# RE: New Fishing Club



## pirc12 (Apr 15, 2012)

*RE: New Fishing Club*

New club meeting is tonight April 30th!!!!!


----------



## Boatjob1 (Oct 2, 2007)

That's an interesting place to have it.... Good luck, and tight lines. TB


----------



## fisheye48 (Sep 28, 2007)

do i have to use the secret knock/password? 

little helpful hint about your club. DETAILS!!!!! nobody knows where to go, what time, if they can get a membership or anything. if you want this to grow or be anything other that an waste of time and money you need to inform people and not let them guess!:no:


----------



## drifterfisher (Oct 9, 2009)

Where?
Time?
Or is this one of those things where you already know who will be there?


----------



## pirc12 (Apr 15, 2012)

Place: DeFrance Indoor Flea Market
230 Eglin Pkwy SE
Fort Walton Beach Florida

6:30p Tonight we are going to try and have a tournament Sat.
Any Question about club I can be reached at 850-865-1199 Shannon


----------



## pirc12 (Apr 15, 2012)

I know you have looked at and replied to all my posts so you know when and where and why would I be posting a new club if we were'nt looking for new members?


----------



## pirc12 (Apr 15, 2012)

The last message I posted was to Fisheye48!


----------



## fisheye48 (Sep 28, 2007)

pirc12 said:


> The last message I posted was to Fisheye48!
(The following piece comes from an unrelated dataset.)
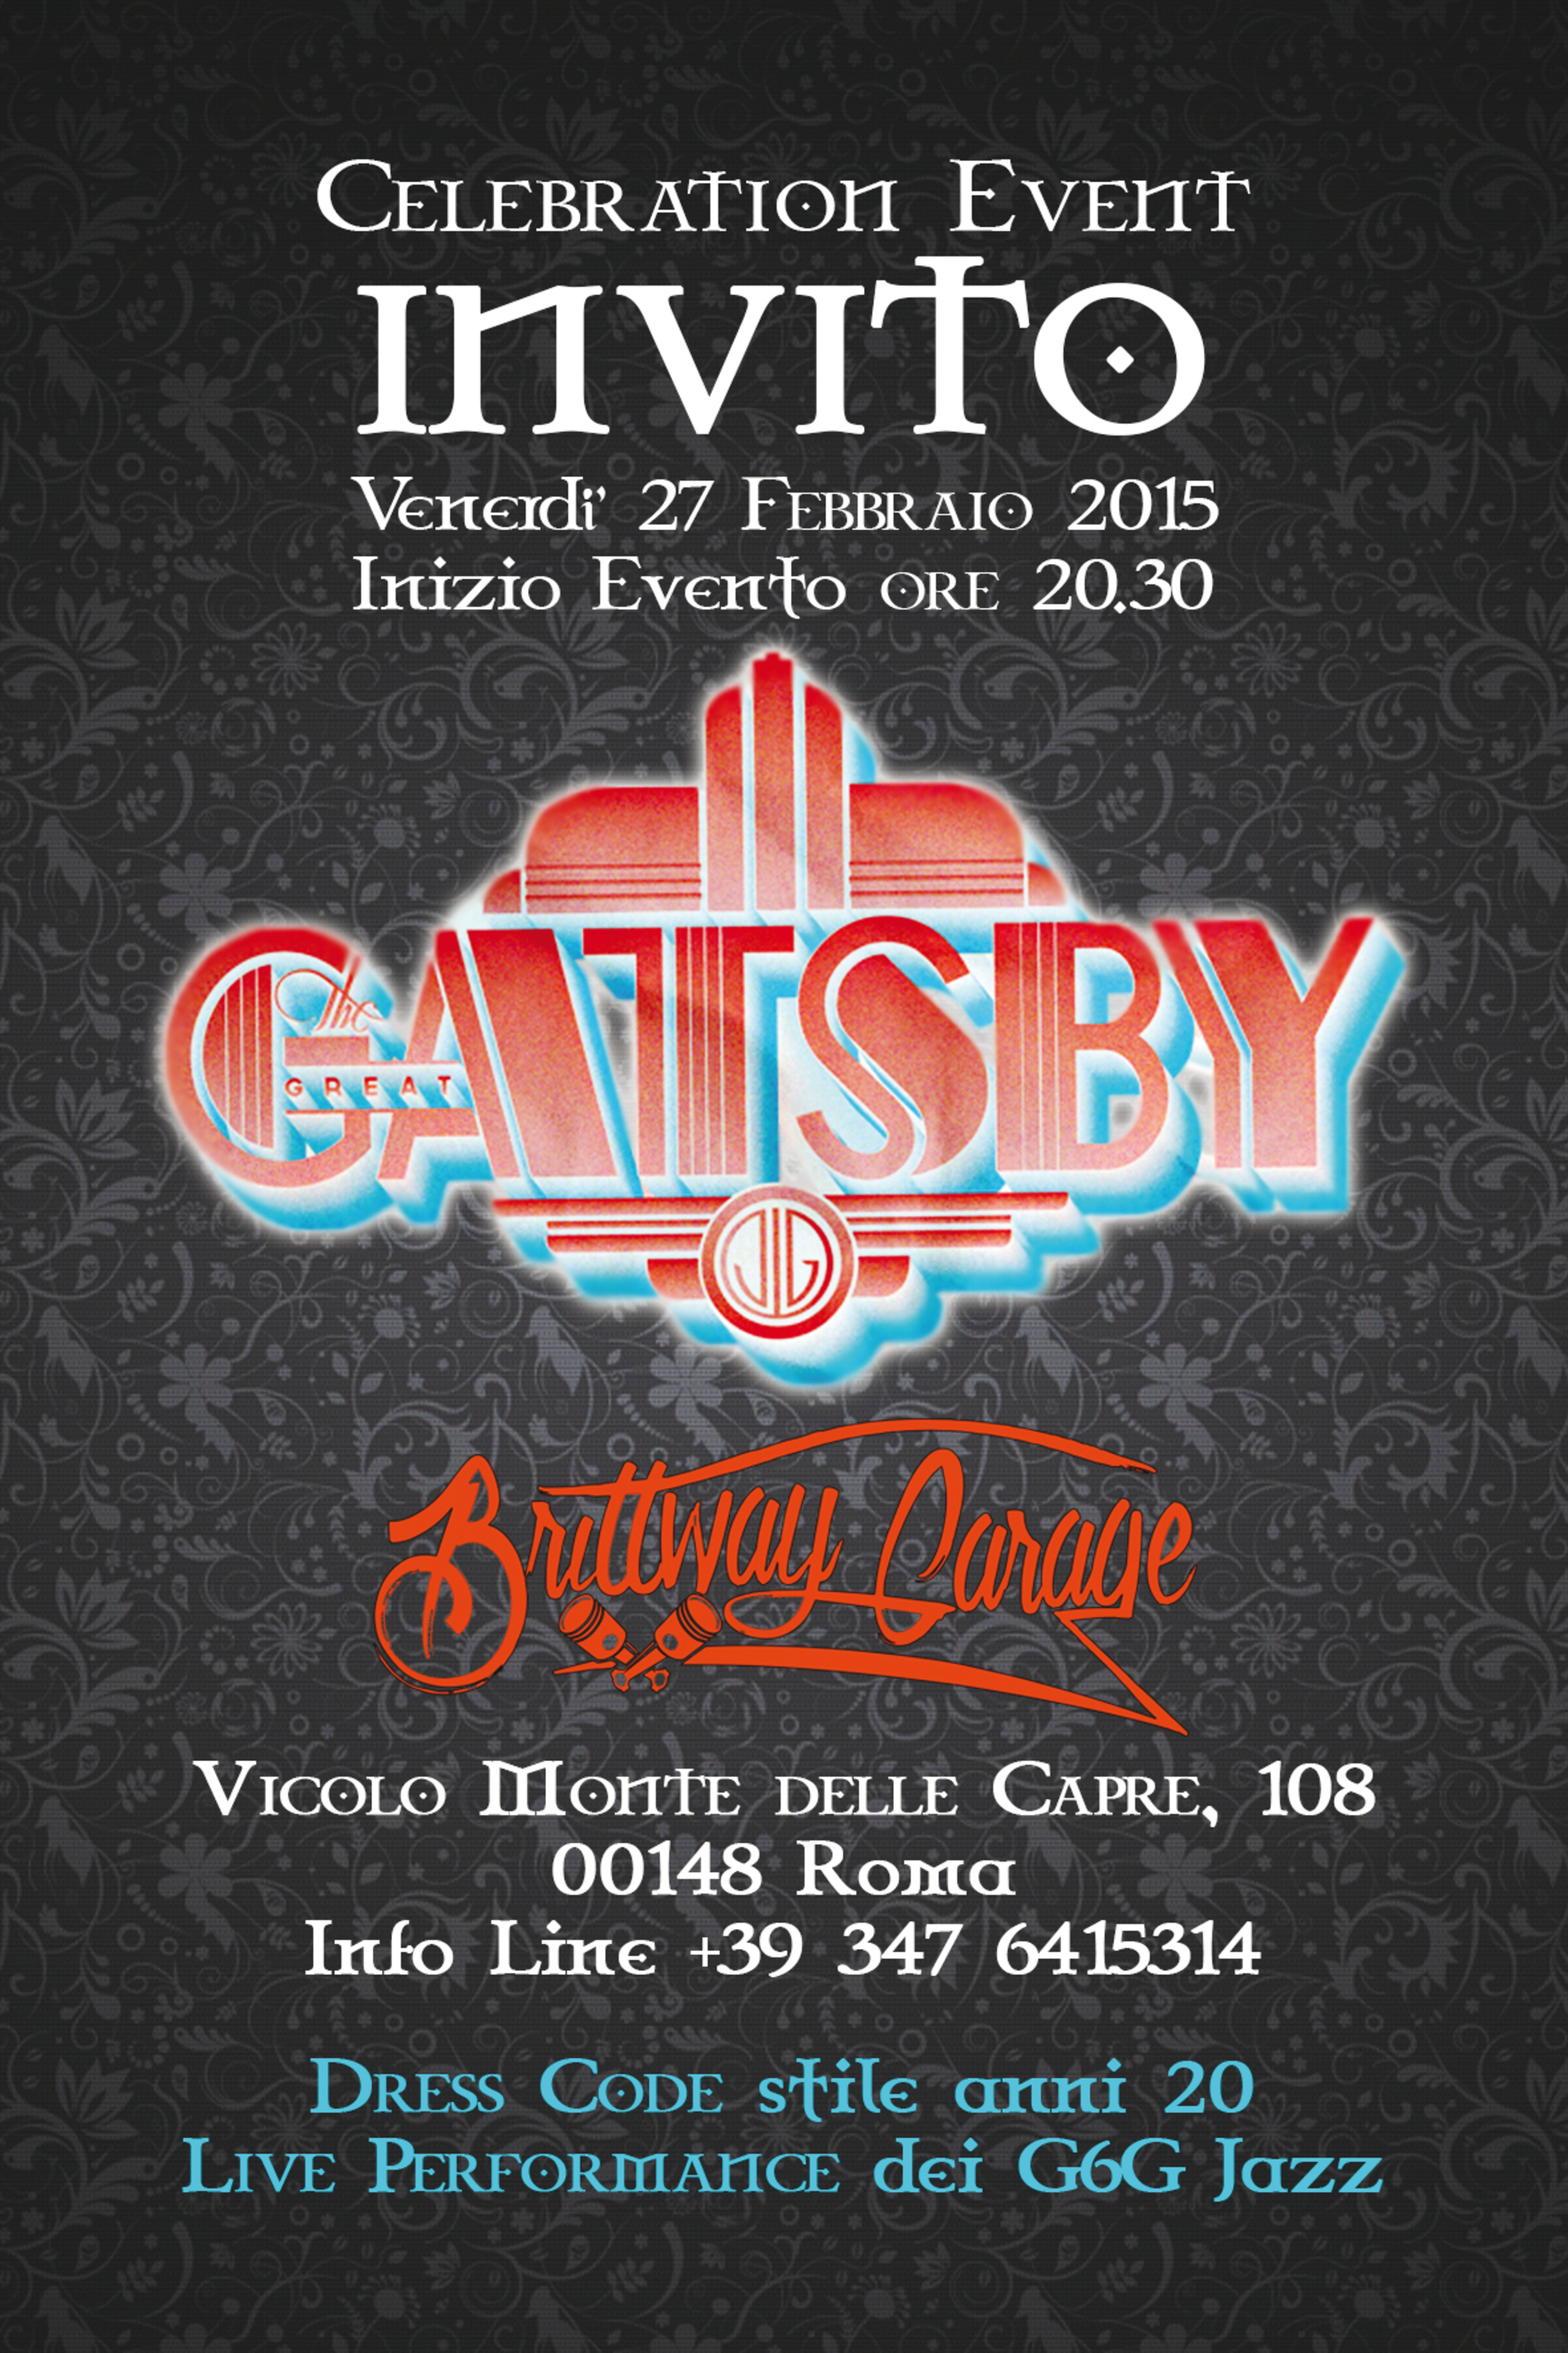 Brittway Garage Roma, serata dedicata al Grande Gatsby

Must be on my computer after I go to bed at night. I didn't see where you posted a time or place last I saw you had one for MAY 30th not April 30th. Also make sure you keep track of your lies one post you had membership at $40 then another it was $25 so which is it. And people ask questions since this I a forum might be to your benefit to try and anwser them if you want people to come fish for a peice of wood and metal after burning twice what that plaque is worth. Good luck finding members


----------